Clancy School was a revelation. You weren’t home alone anymore, in your brown house on the frontage road. You weren’t the small brother lost in a huge crowd of much larger brothers. You were a member of something. You were a kindergarten Merry Mouse. All you Merry Mice took what seemed like a decade to unzip your snowsuits in the morning, but together you could accomplish remarkable things; you could learn about letters and scissors and Hawaii (there was an entire unit on Hawaii! The place least like Clancy, Montana any Merry Mouse could imagine!) and get scared together when the very loud bell rang in the very old gym. You all got chicken pox at once— an early, important lesson, likely to be ignored down the line. You learned from your mom to be disappointed that the Letter People— the cartoon character letters from whom you learned the alphabet— were all boys. You didn’t process that you and the rest of the Merry Mice, the multiple Codys and the Brandys and the Tiffanys, were all White. You didn’t process that some of your parents had jobs at desks and offices down the road in Helena and some of your parents had jobs outside and some of your parents worked on land owned by other people’s parents and some of your parents didn’t work at all.

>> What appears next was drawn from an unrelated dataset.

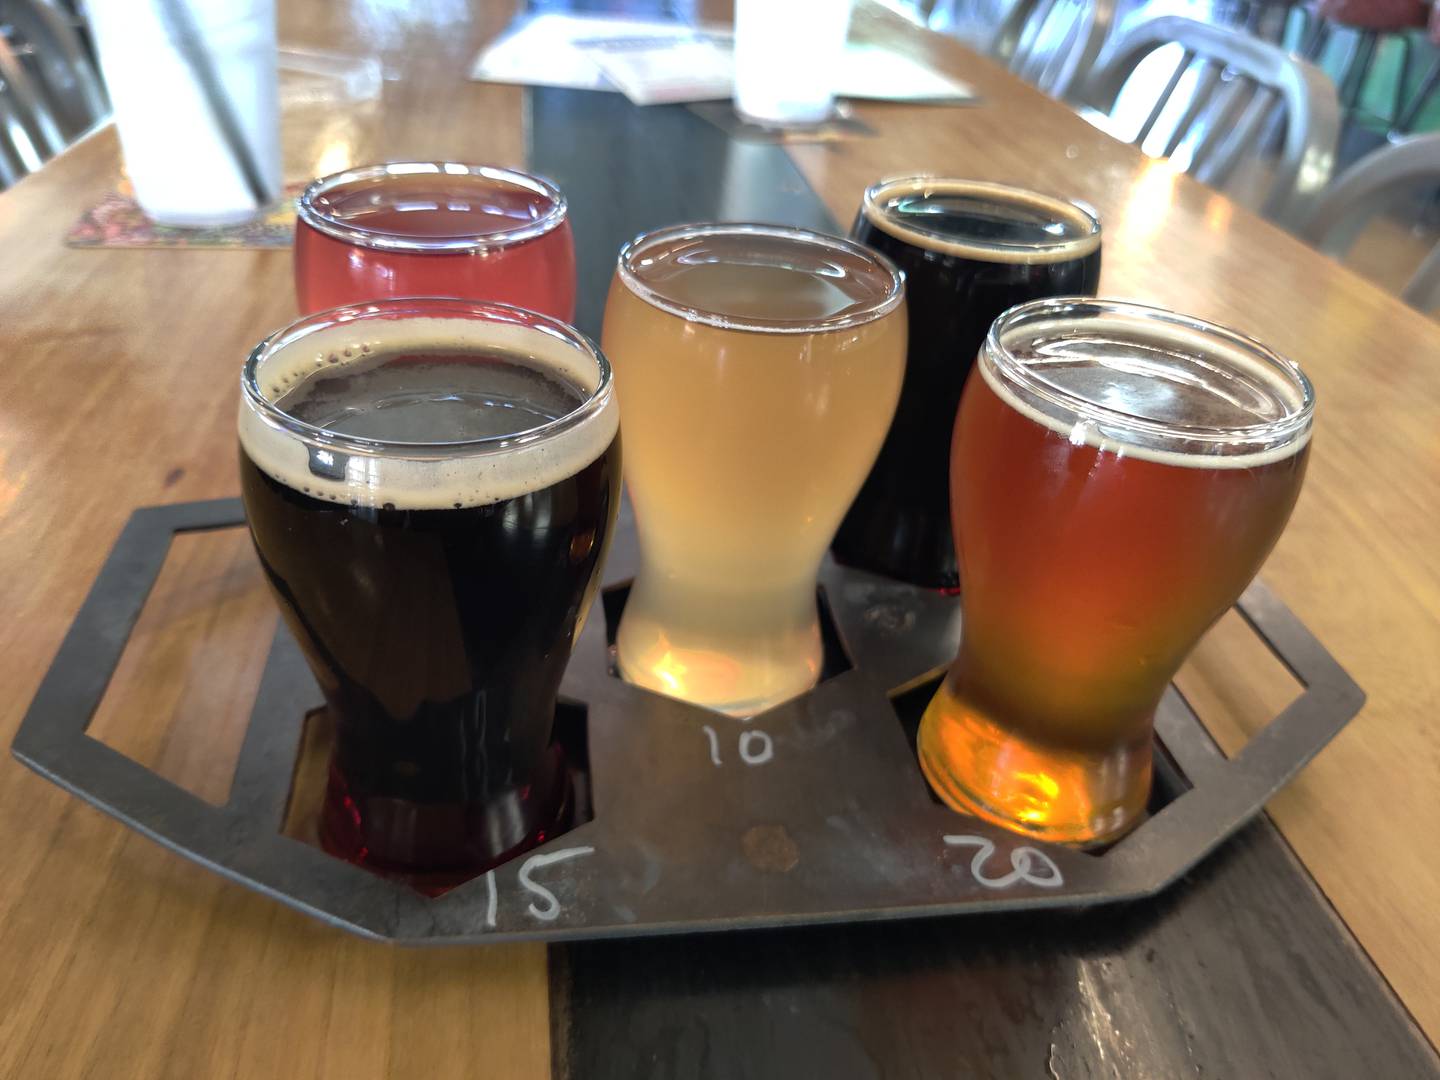 A flight of beer, cider and mead at Obscurity Brewing

Some of those lessons would have been important to learn. You knew pieces of the lessons, but not all of them. You knew that some people in small towns in Montana were Crow and Blackfeet and Salish and that you and the people in your town were not, but you wouldn’t learn yet that there was a difference between Clancy and Lodge Grass and Heart Butte and Arlee, that home and theft and discovery all have different meanings depending on who is doing the talking. You didn’t learn that Clancy came to be because of a war. You didn’t learn that the war never ended.

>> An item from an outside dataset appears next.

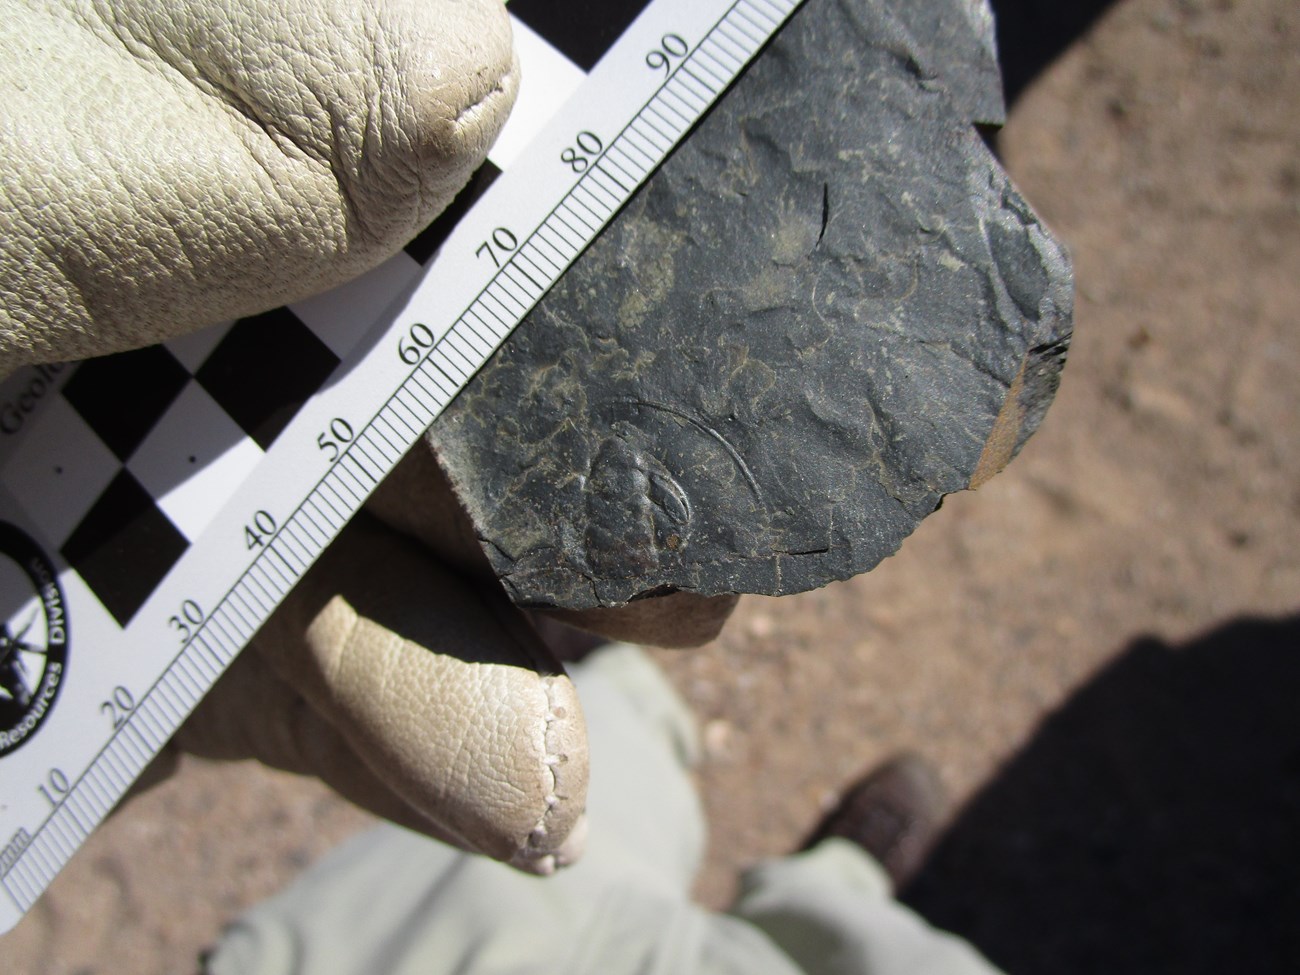 Photo of person's gloved hand holding a fossil and ruler.

What you did learn, though, was that whatever school was, it was something you did together. You moved away from Clancy in second grade, which was strange. People didn’t really move in or out of Clancy School. You moved in the middle of The Phantom Tollbooth. You had all been reading it together, you one-time Merry Mice. On your last day, your class gave you your own copy so that you could read along with them as your family drove to Maryland. They all signed it, all those Codys and Tiffanys and Brandy’s, with their bubble letters and overly-large cursive loops.
In Columbia, you caught the bus behind your cul-de-sac to Thunder Hill Elementary School. Your street was named after a line in an Oliver Wendell Holmes poem. All the streets around you were. That’s how you learned that you now lived in a Planned Community— a place where everything is in its right place, where there isn’t a public city government but where every neighborhood has a very nice swimming pool. It would take you a while to learn that the second word in the phrase Planned Community meant something different here than you had been taught.
The streets to school were winding and forested and the ride was long enough that if you had ever gotten lost, you would never be able to find your way home. By the time your bus got to Thunder Hill, all the streets were named for Andrew Wyeth paintings.
At Thunder Hill, you learned that diversity was a good thing. That’s what people loved about this place, with its Great Man street names. It was intentionally diverse. It wasn’t all Brandys and Codys and Tiffanys. Your classmates were Black and White and Korean and Pakistani and Chinese. Back in Clancy, there was only Christmas. There were more holidays now. That was a good thing to learn.
You also learned that the most important distinguisher of all was between the successful and the non-successful. You had classmates who were esteemed violinists and prodigious lacrosse midfielders. You knew this because their parents took them to lessons and practices all the time. There was a music teacher at Thunder Hill who loved the sopranos. You got to be a soprano only if you were the best, only if yours was one of the most beautiful voices. Every once in a while, a kid would ask if that was fair of her, because not everybody could have a soprano singing voice. She said that even if you were an alto, you could work hard to be a better alto. You’d just never be a soprano.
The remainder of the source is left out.